Die Lübecker Chronik berichtet, daß ein Mann in einer Lucke auf dem Turm, von niemandem bemerkt, sieben Jahre schlief. Bei der Wettenburg flüchtete ein Schläfer vor dem Regen in eine Höhle und verfiel in einen Schlaf, der siebenmal sieben Jahre währte. Und bei Trier sollen gar zwei Bauern, die ein Unwetter in eine Höhle trieb, hundert Jahre lang geschlafen haben.

Ähnliche Sagen gibt es auch im Morgenlande. Die indischen Purana berichten von dem König Raiwata, der zu Brahma kommt, um ihn um Rat zu fragen über die Vermählung seiner Tochter. Da lauscht er einem himmlisch schönen Liede. Als das Lied zu Ende und er des Gottes Rat erfragen will, erklärt ihm Brahma lächelnd, daß zwanzig Menschenalter in dem Strom der Zeit verflossen seien.

Die Dichtung der Araber wiederum verlegt in einen irdischen Augenblick die Fülle göttlicher Jahrtausende. So in der Himmelfahrt des Mahomed, den eines Nachts der Engel Gabriel durch alle sieben Himmel Allahs führt, eine Weltenreise, die tausend Jahrtausende erfordert. Und Mahomed, zurückgekehrt von dieser Reise, findet, daß sein Bett noch warm ist.

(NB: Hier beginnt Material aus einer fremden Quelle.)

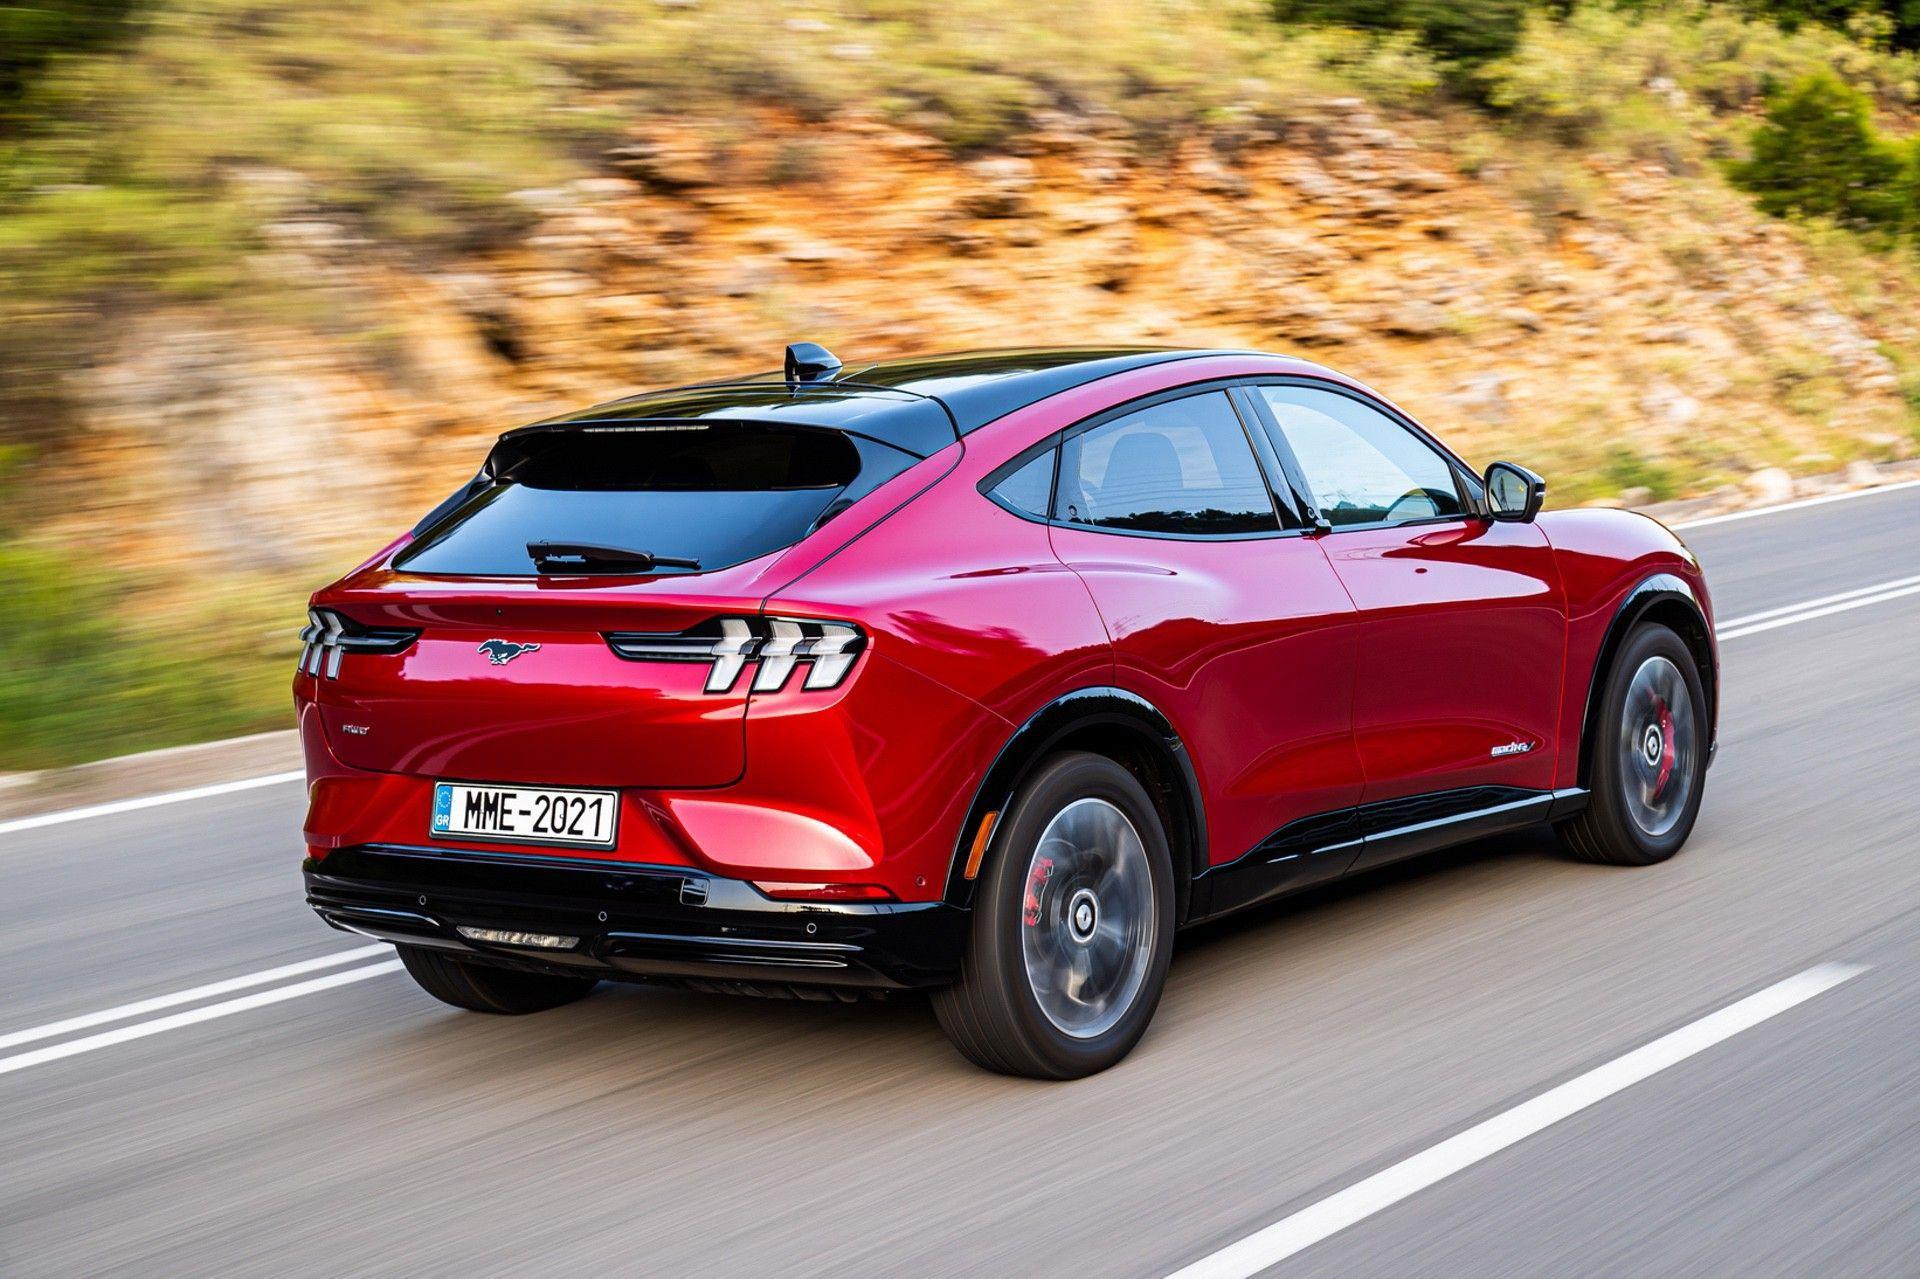 Ford_Mustang_Mach-E_greek_presskit-0130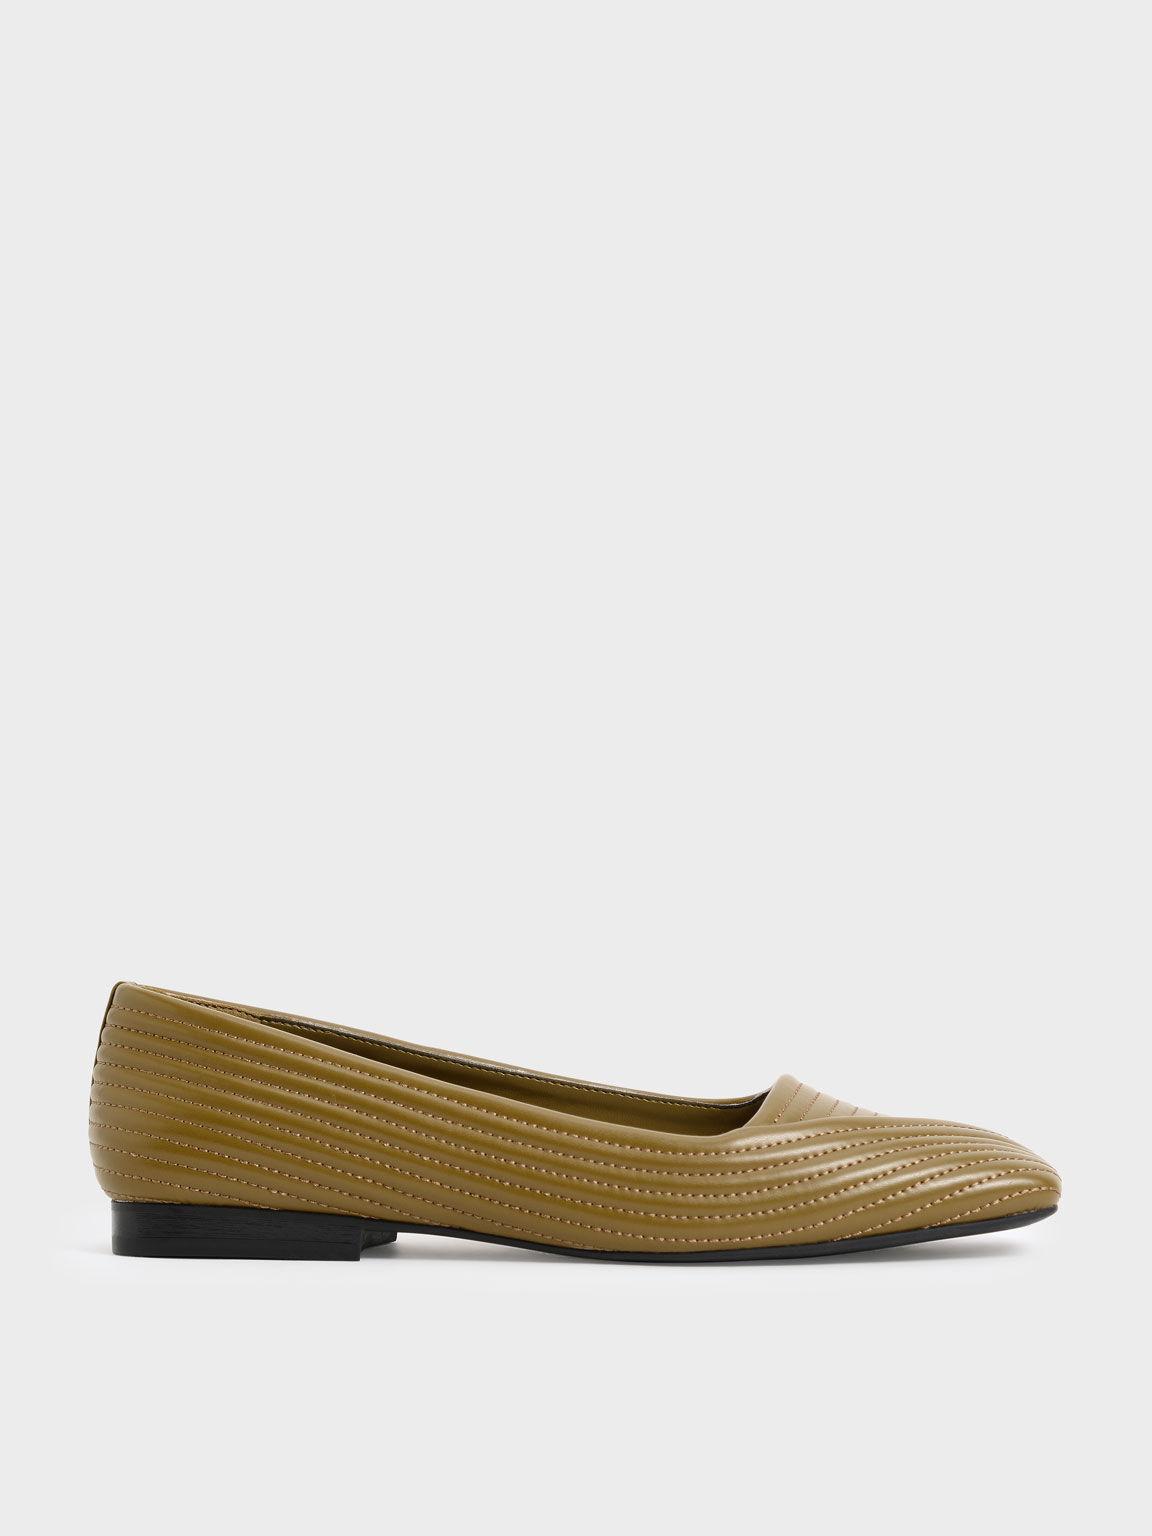 Stitch-Trim Square Toe Ballerina Flats, Olive, hi-res

Ein Sultan von Egypten zweifelt an der Wahrheit der Legende und disputiert darüber mit dem Scheich Schahabeddin. Der Scheich ersucht den Herrscher, daß er seinen Kopf in eine Wasserkufe tauche. Und nun durchlebt der Sultan sieben schicksalsreiche Jahre, voll Abenteuer, Glück und Schrecken. Nach Atem ringend, hebt er seinen Kopf empor – aus der Wasserkufe. Er sieht, daß er all dies in einem kurzen Augenblick erlebte.